Munich: ~120,000 student records suspected on the darknet — terminated employee under investigation
From CTI Daily Brief — 2026-06-17 · published 2026-06-17 · view item permalink →
LHM-Services GmbH, the municipal IT subsidiary of the City of Munich that runs school-administration systems for Bavarian schools, is investigating a suspected data-protection incident involving roughly 120,000 students — names, addresses, dates of birth, nationalities and school assignments (the 120,000 figure originates in press reporting; LHM-Services says it learned of the incident from the press and questioned whether the data was actually publicly available) (Heise Security, 2026-06-16). The investigation, led by Munich's cybercrime unit and the Bamberg prosecutor, centres on a former employee suspected of having mass-downloaded and retained the dataset shortly before leaving — i.e. a suspected insider data-theft, not an external intrusion. A darknet-research firm engaged by LHM-Services found no evidence the data was publicly listed for sale at the time of writing, so the actual circulation scope is uncertain. LHM-Services notified the Bavarian State Data Protection Authority under GDPR Article 33 and filed a criminal complaint (LHM-Services GmbH press release, 2026-06-15).

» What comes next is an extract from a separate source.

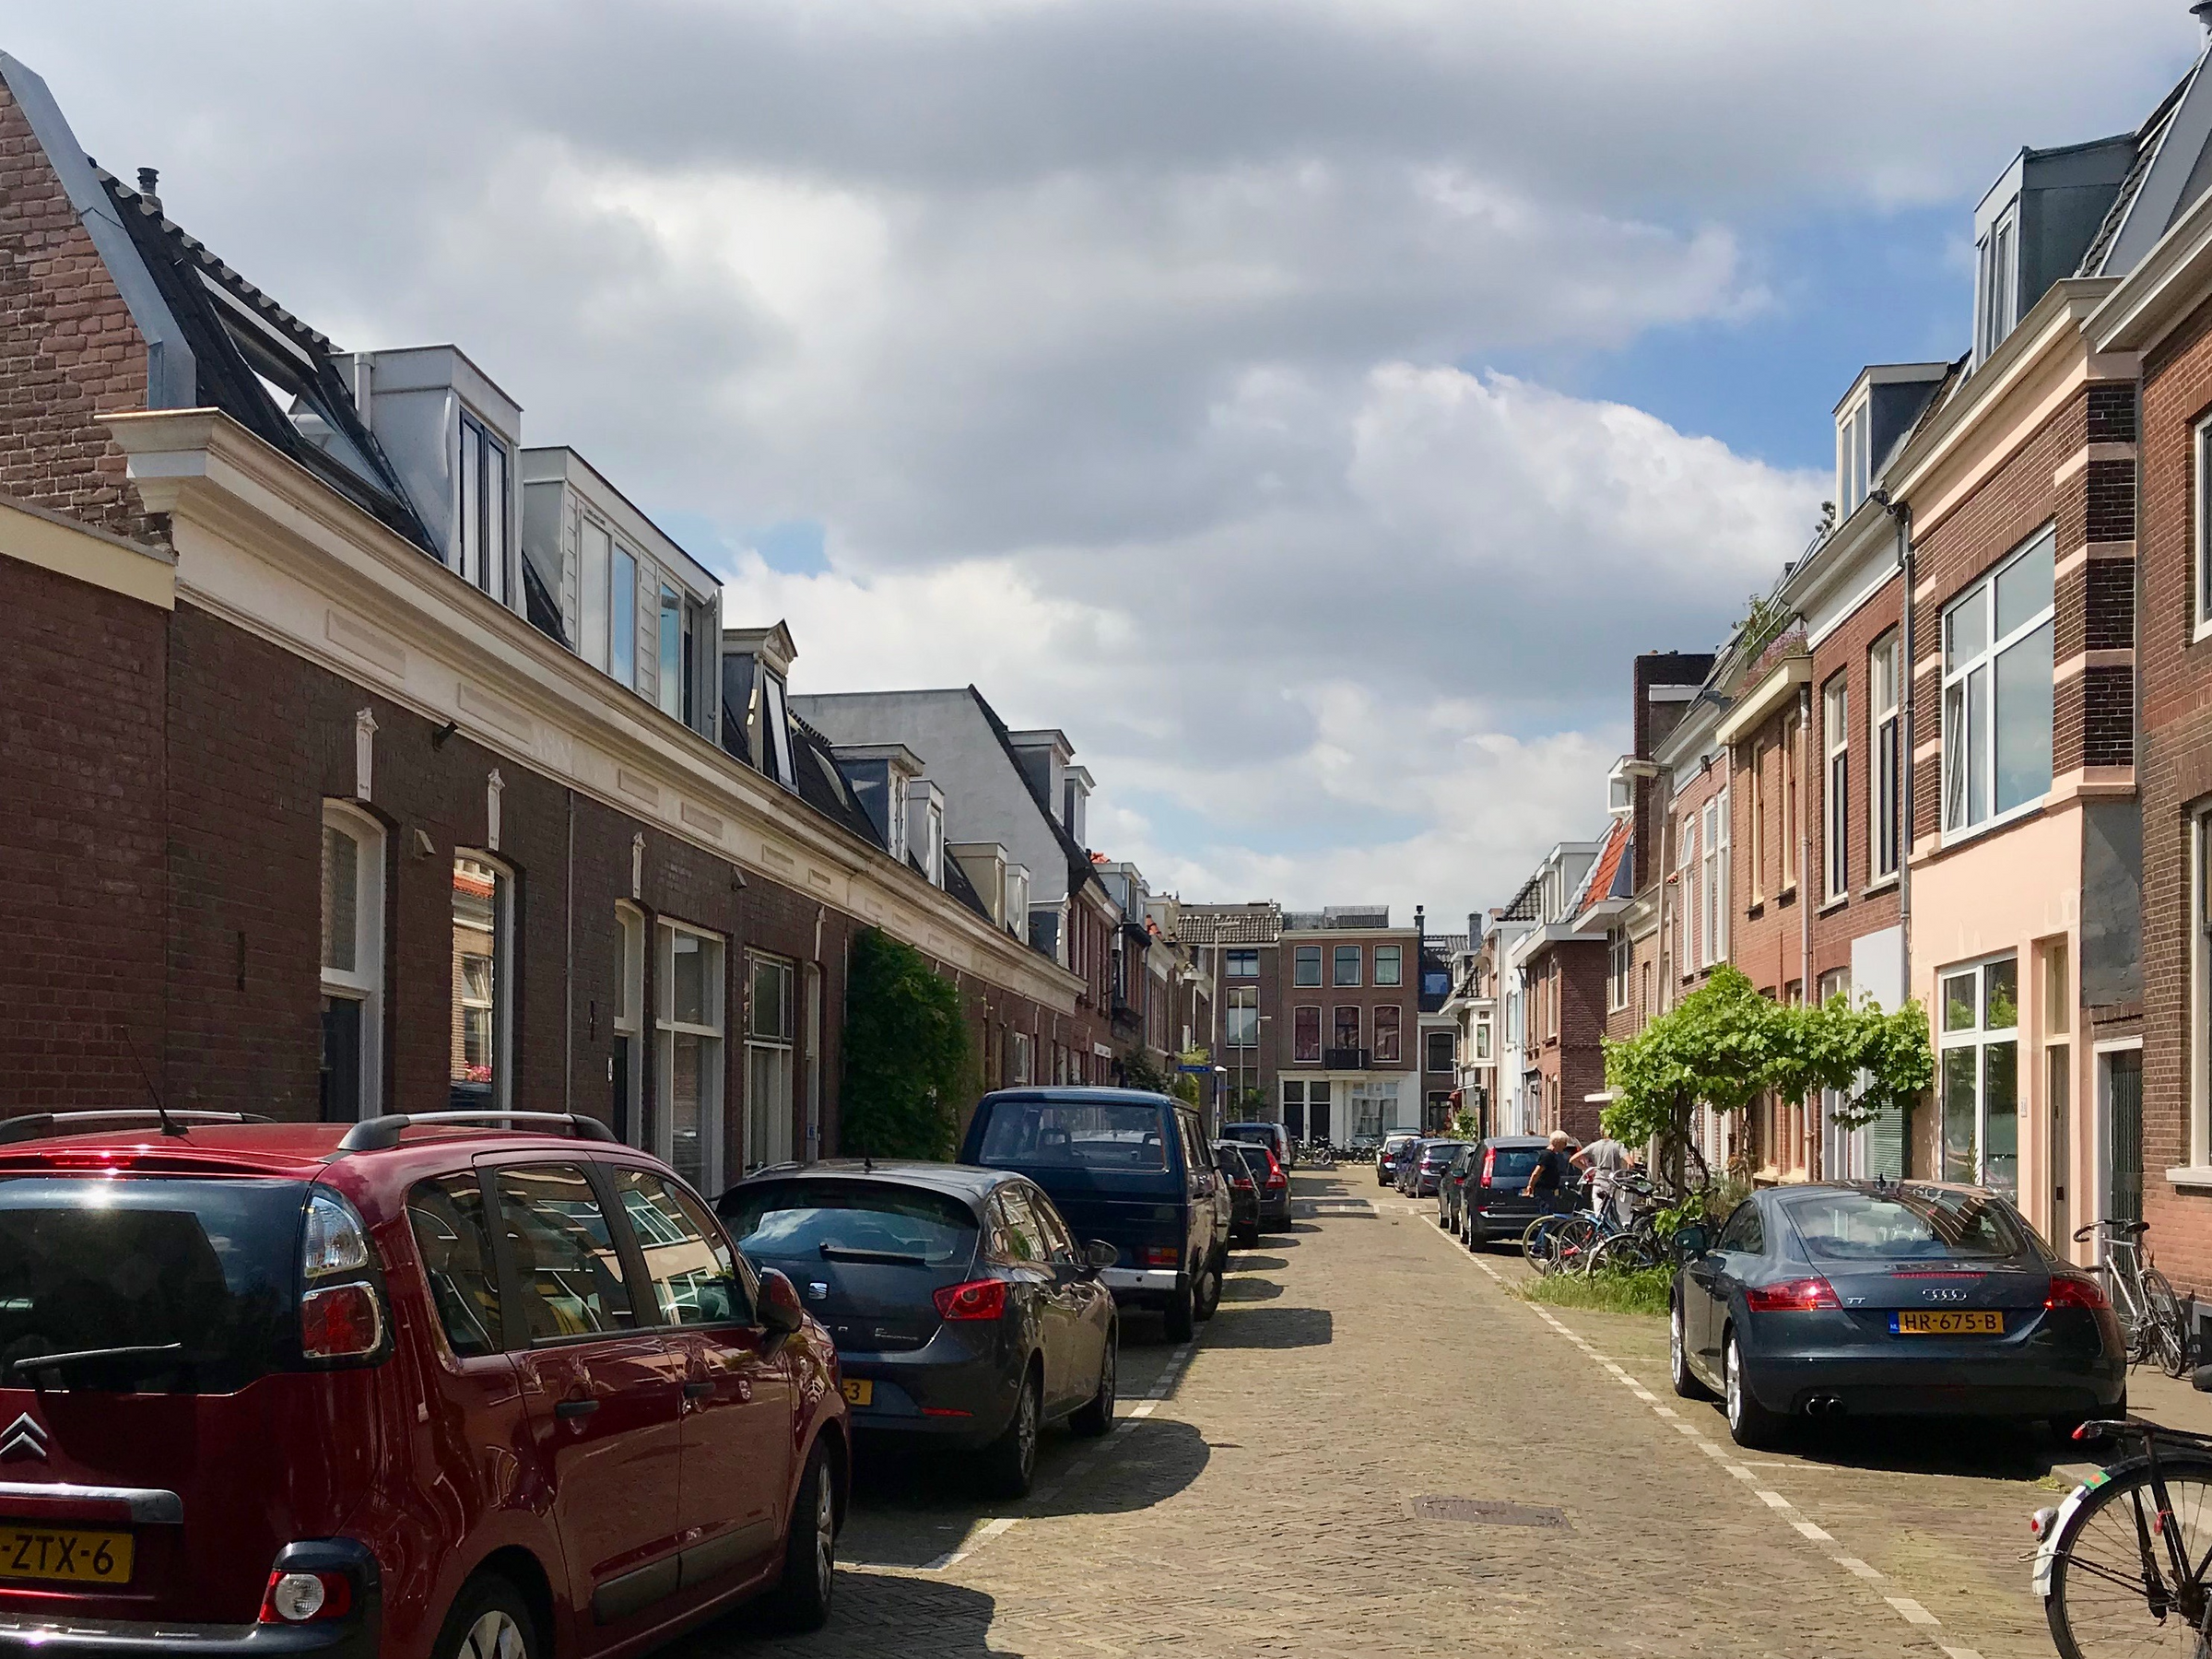 Ooftstraat, Utrecht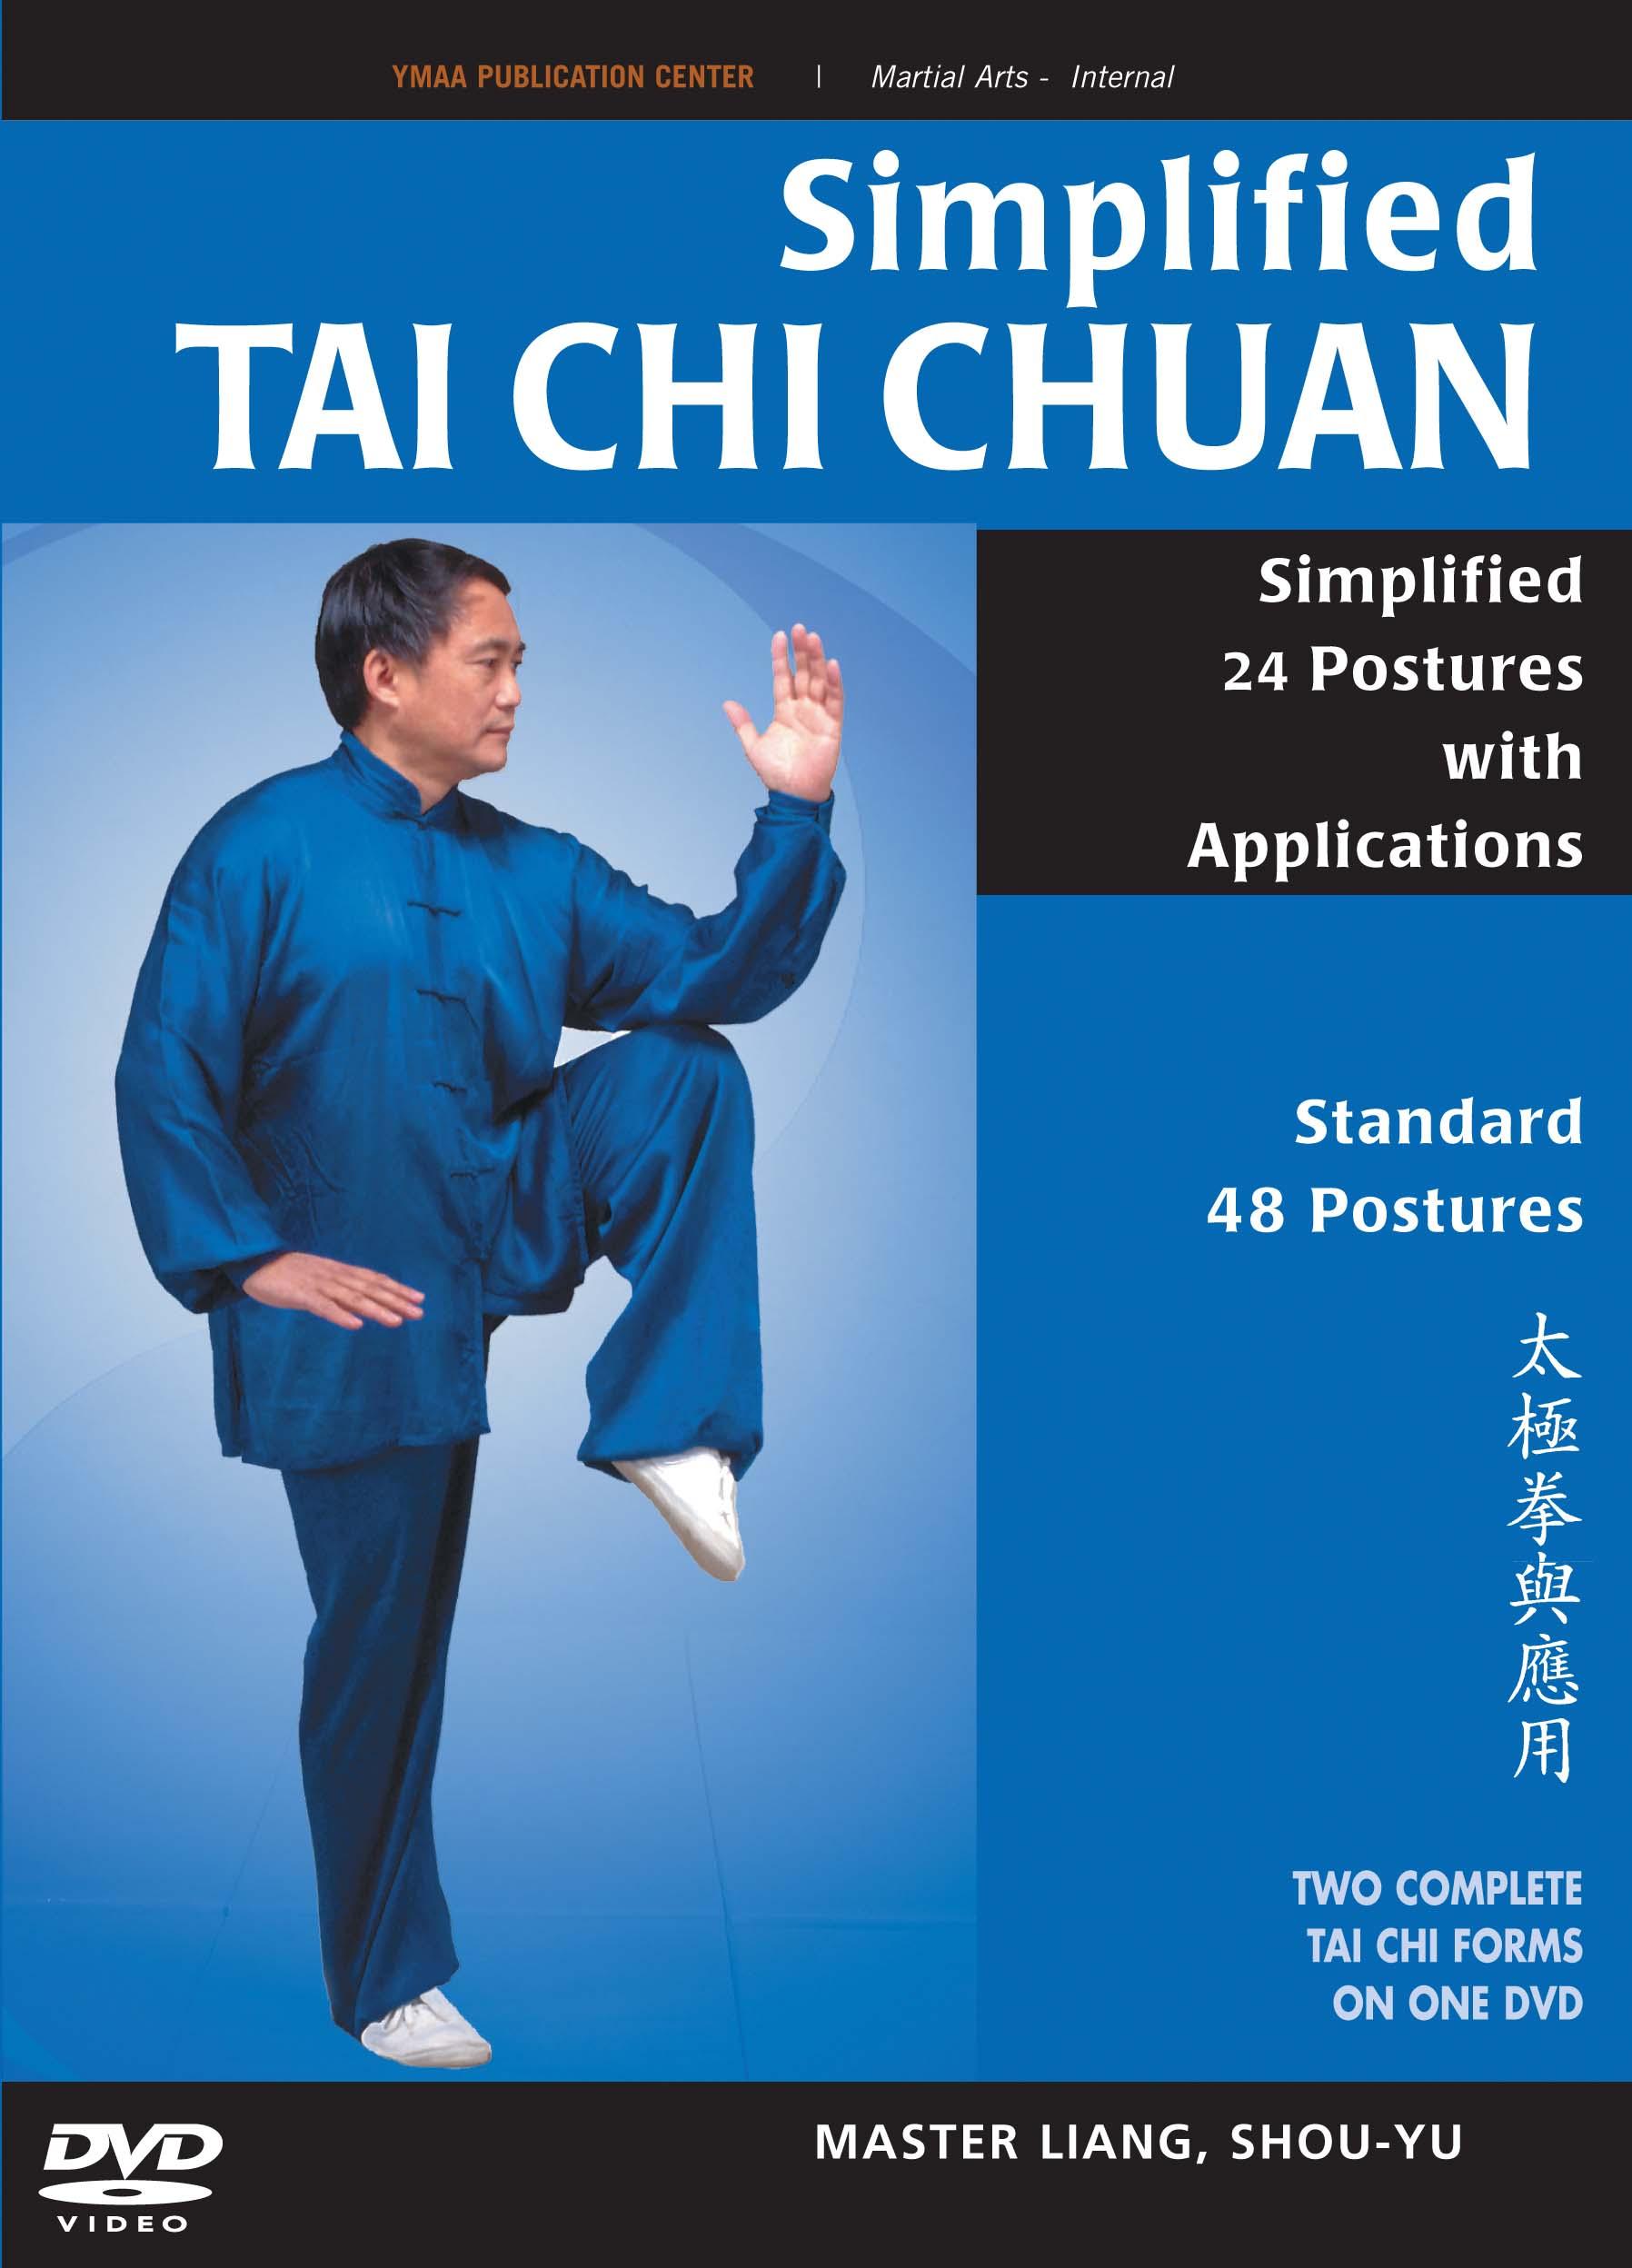 Simplified Tai Chi Chuan: Master Liang, Shou-Yu

Defender takeaway: The root cause is the universal public-sector control gap — access deprovisioning for departing staff who hold export rights over centralised citizen/student data. Hunt for bulk export/download events (Windows EID 4663 object access; DLP/UEBA volume thresholds) by accounts flagged for offboarding, and bind database read/export credentials to just-in-time access tied to the HR offboarding workflow rather than only disabling the directory account. The exposure mirrors any Swiss canton or municipality running centralised school/citizen data through a third-party processor (GDPR/DPA Art. 5(1)(f) accountability extends to the processor).